Since the basic nitrogen-containing polyamide obtained from cyclohexanedicarboxylic acid has a high Tg, it is considered that it was possible to impart friction resistance to the heat-sensitive mask layer. In addition, since a heat-sensitive mask layer made of polyamide containing a cyclic structural unit obtained from butyral resin and cyclohexanedicarboxylic acid is easily dispersed in water, it is particularly preferably used as a heat-sensitive mask layer for a water-developed plate. it can.

  When the ratio of the alicyclic structural unit obtained from cyclohexanedicarboxylic acid in the polyamide is less than the above range, scratch resistance is lowered, which is not preferable. On the other hand, if the above range is exceeded, the heat-sensitive mask layer becomes too hard, and cracking tends to occur when bending stress is applied, which is not preferable.

  The mol% of the structural unit in the polyamide of the present invention indicates the number of moles of each structural unit relative to the total number of moles of each unit composed of an aminocarboxylic acid or lactam unit, a diamine and a dicarboxylic acid. The mol% of each structural unit can be calculated from the number of moles in the raw material charging stage or the measurement result of H-NMR. Analysis by H-NMR is a commonly performed analysis method, in which the mol% of each structural unit is calculated from the integral value.

  The basic nitrogen-containing copolymer polyamide containing 25 to 50 mol% of an alicyclic structural unit obtained from cyclohexanedicarboxylic acid in the molecule is 1,4-cyclohexanedicarboxylic acid or 1.3-cyclohexanedicarboxylic acid. It is preferable to manufacture by the method of using and manufacturing.

  As a partner diamine to be polycondensed with cyclohexanedicarboxylic acid, an alkylenediamine having 4 to 8 carbon atoms is preferable. Specific examples of the alkylene diamine having 4 to 8 carbon atoms include 1,4-tetramethylene diamine, 2-methylpentamethylene diamine, 1,6-hexane diamine, and 1,8-octane diamine.

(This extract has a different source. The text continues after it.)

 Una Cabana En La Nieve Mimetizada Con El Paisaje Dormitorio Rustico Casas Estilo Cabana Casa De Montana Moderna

  The basic nitrogen-containing polyamide used in the present invention includes alicyclic structural units obtained from other alicyclic diamines or dicarboxylic acids in addition to alicyclic structural units obtained from cyclohexanedicarboxylic acid as alicyclic structural units. It may be contained in the molecule. Specific examples of diamines include isophorone diamine, 1,4-cyclohexane diamine, 1,3-cyclohexane diamine, 1,3-bis (aminomethyl) cyclohexane, 1,4-bis (aminomethyl). Although cyclohexane and norbornyl diamine are mentioned, isophorone diamine is more preferable.

In the case of introducing a structural unit obtained from isophorone diamine, it is preferable from the viewpoint of physical properties that the structural unit obtained from isophorone diamine is contained in an amount of 5 to 15 mol%, and cracking of the thermal mask layer can be reduced.

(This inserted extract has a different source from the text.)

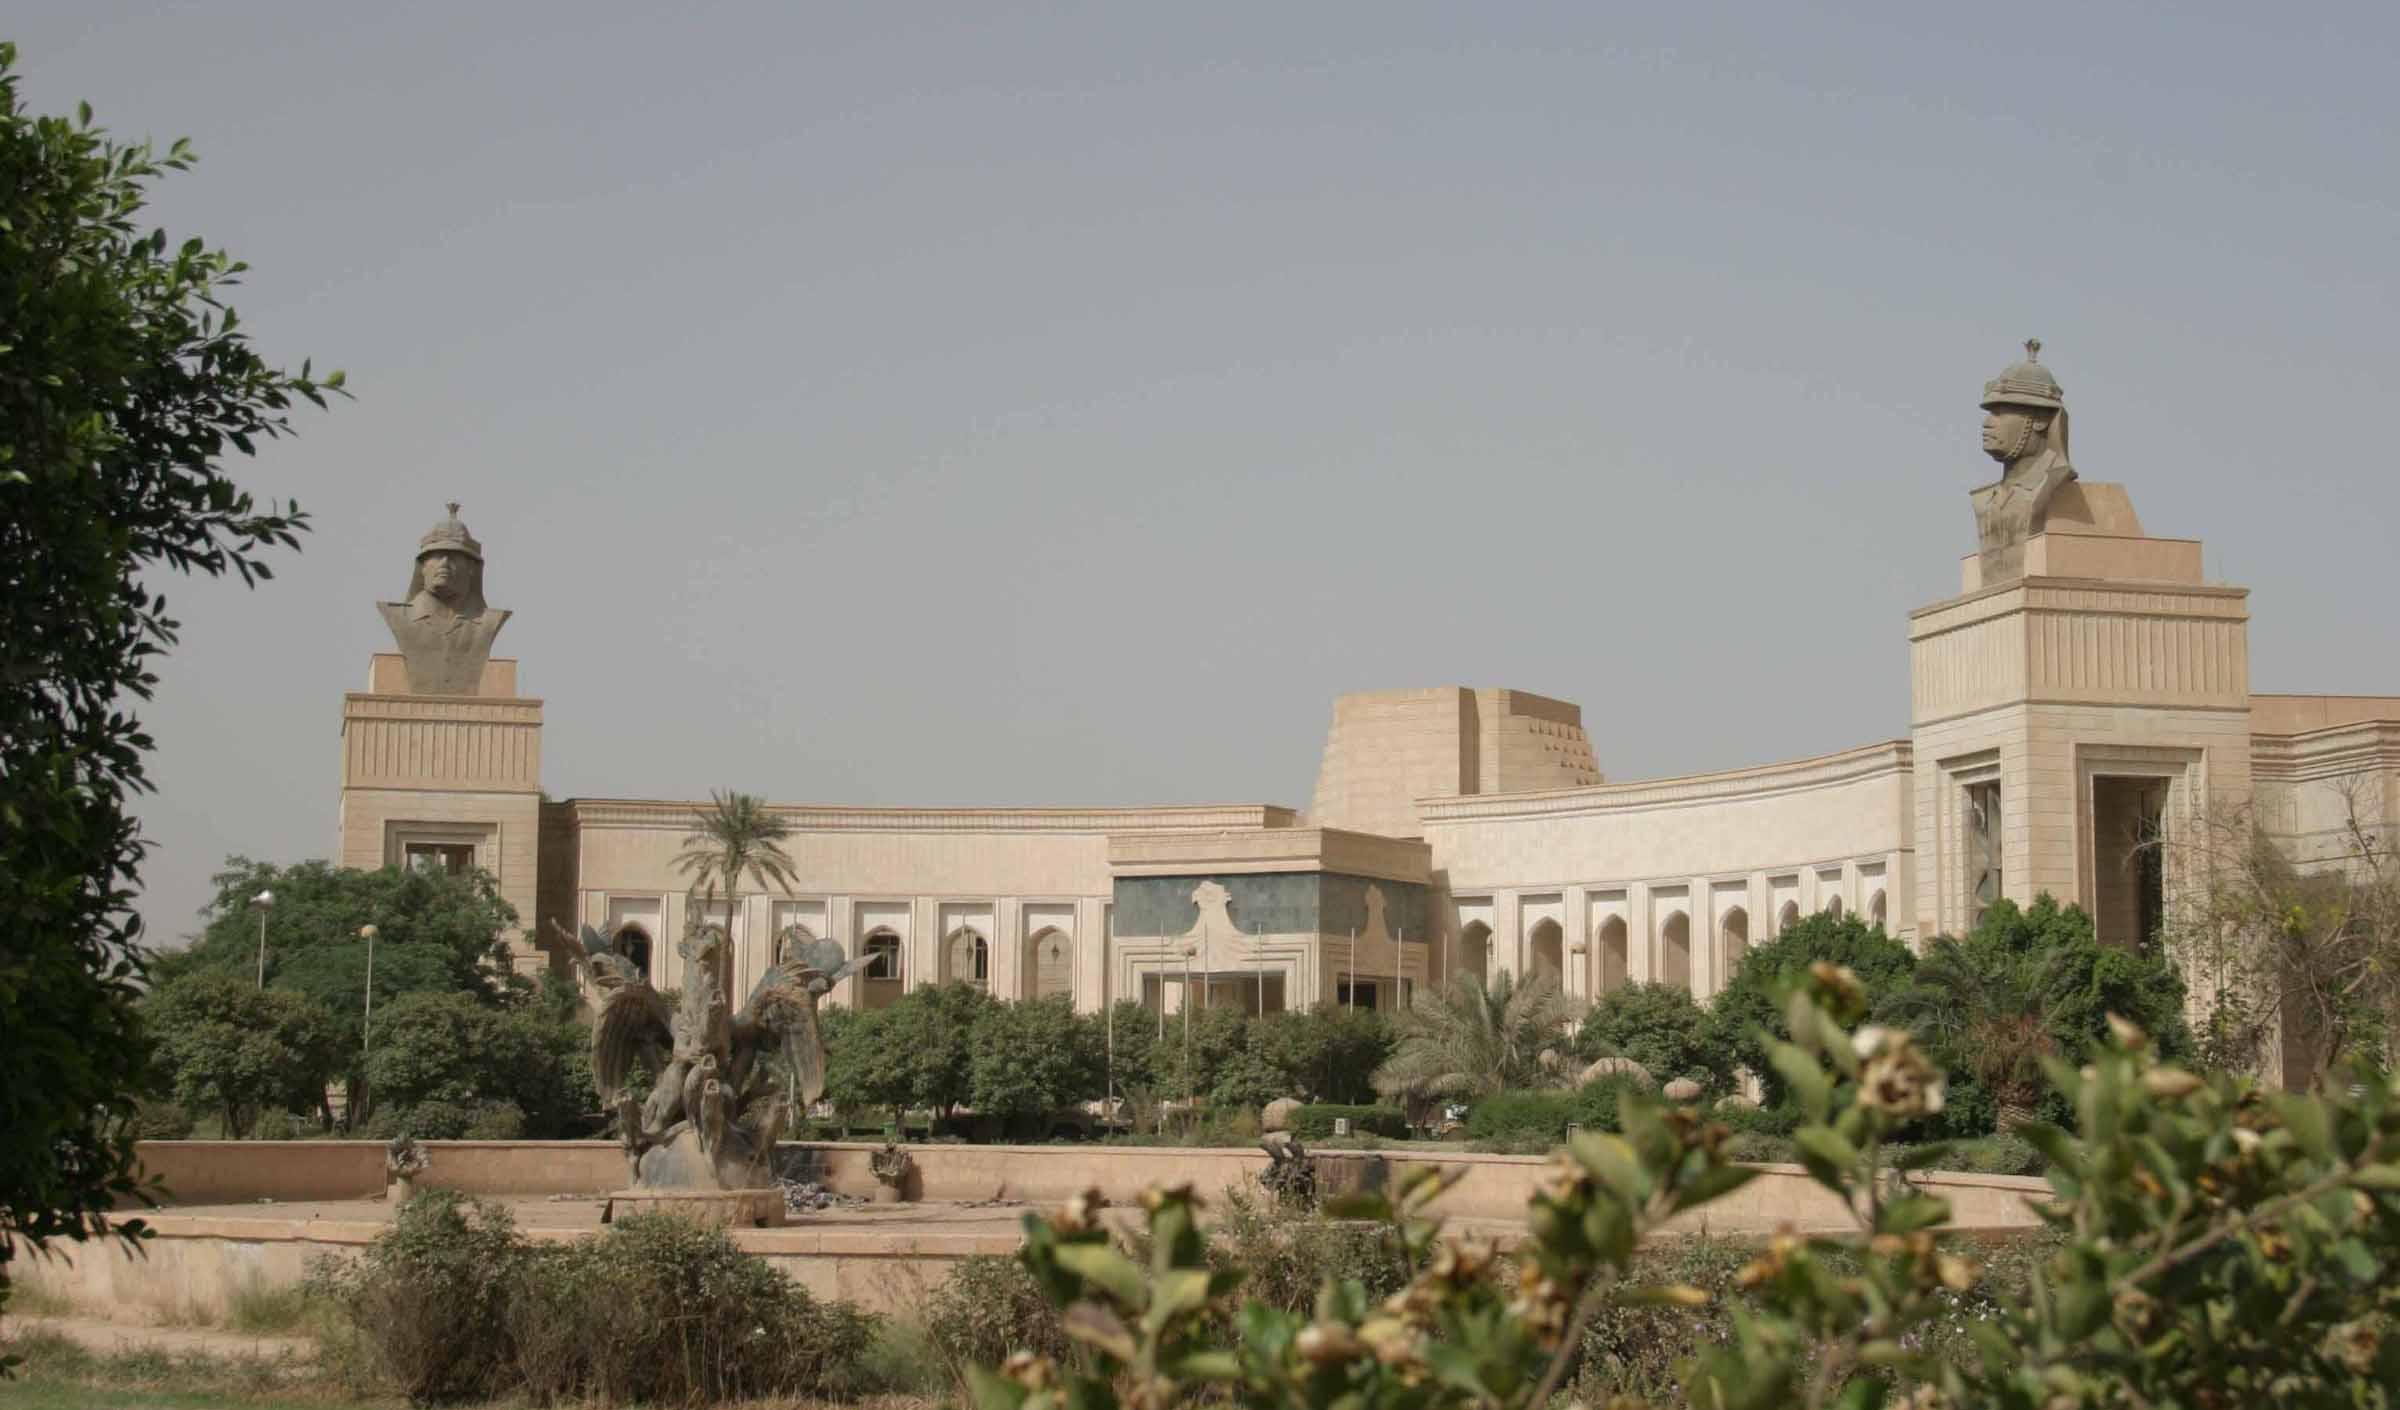 الموافقة على تخصيص مجمع القصور الرئاسية في منطقة الاعظمية الى مستشفى

  As the basic nitrogen-containing polyamide of the present invention, known diamines and dicarboxylic acids other than alicyclic groups can be used as long as the properties of the polyamide are not affected. Aliphatic diamines include ethylenediamine, diethylenediamine, 1,3-propylenediamine, 1,4-tetramethylenediamine, 2-methylpentamethylenediamine, 1,6-hexanediamine, 1,11-undecamethylenediamine, 1 , 12-dodecanediamine, 2,2,4,2,4,4-trimethylhexamethylenediamine, or polyetheramine JEFFAMINE ED900. Examples of known aliphatic dicarboxylic acids other than alicyclic dicarboxylic acids include glutaric acid, adipic acid, sebacic acid, and decanedicarboxylic acid.

The basic nitrogen-containing polyamide of the present invention is a polyamide containing a basic nitrogen atom in the main chain or side chain in the molecule. By containing the basic nitrogen atom, water solubility or water dispersibility (water developability) ). Examples of the method of containing a basic nitrogen atom include using a basic nitrogen-containing diamine containing a tertiary nitrogen atom such as a diamine having a piperazine ring or methyliminobispropylamine. Furthermore, it is particularly preferable to use a diamine having a piperazine ring from the viewpoint of the elastic modulus of the polymer. Examples of the diamine having a piperazine ring include 1,4-bis (3-aminoethyl) piperazine, 1,4-bis (3-aminopropyl) piperazine, N- (2-aminoethyl) piperazine, and the like.
Thereby, crystallinity can be imparted to the resulting polyamide.

  In the basic nitrogen-containing polyamide of the present invention, a known diamine or dicarboxylic acid can be used in addition to the alicyclic diamine or alicyclic dicarboxylic acid as long as the properties of the polyamide are not affected. Aliphatic diamines include ethylenediamine, diethylenediamine, 1,3-propylenediamine, 1,4-tetramethylenediamine, 2-methylpentamethylenediamine, 1,6-hexanediamine, 1,11-undecamethylenediamine, 1 , 12-dodecanediamine, 2,2,4,2,4,4-trimethylhexamethylenediamine, or polyetheramine JEFFAMINE ED900.

  As the dicarboxylic acid used in the basic nitrogen-containing polyamide of the present invention, known aliphatic dicarboxylic acids other than alicyclic dicarboxylic acids can be used. Examples of the aliphatic dicarboxylic acid include glutaric acid, adipic acid, sebacic acid, decanedicarboxylic acid and the like.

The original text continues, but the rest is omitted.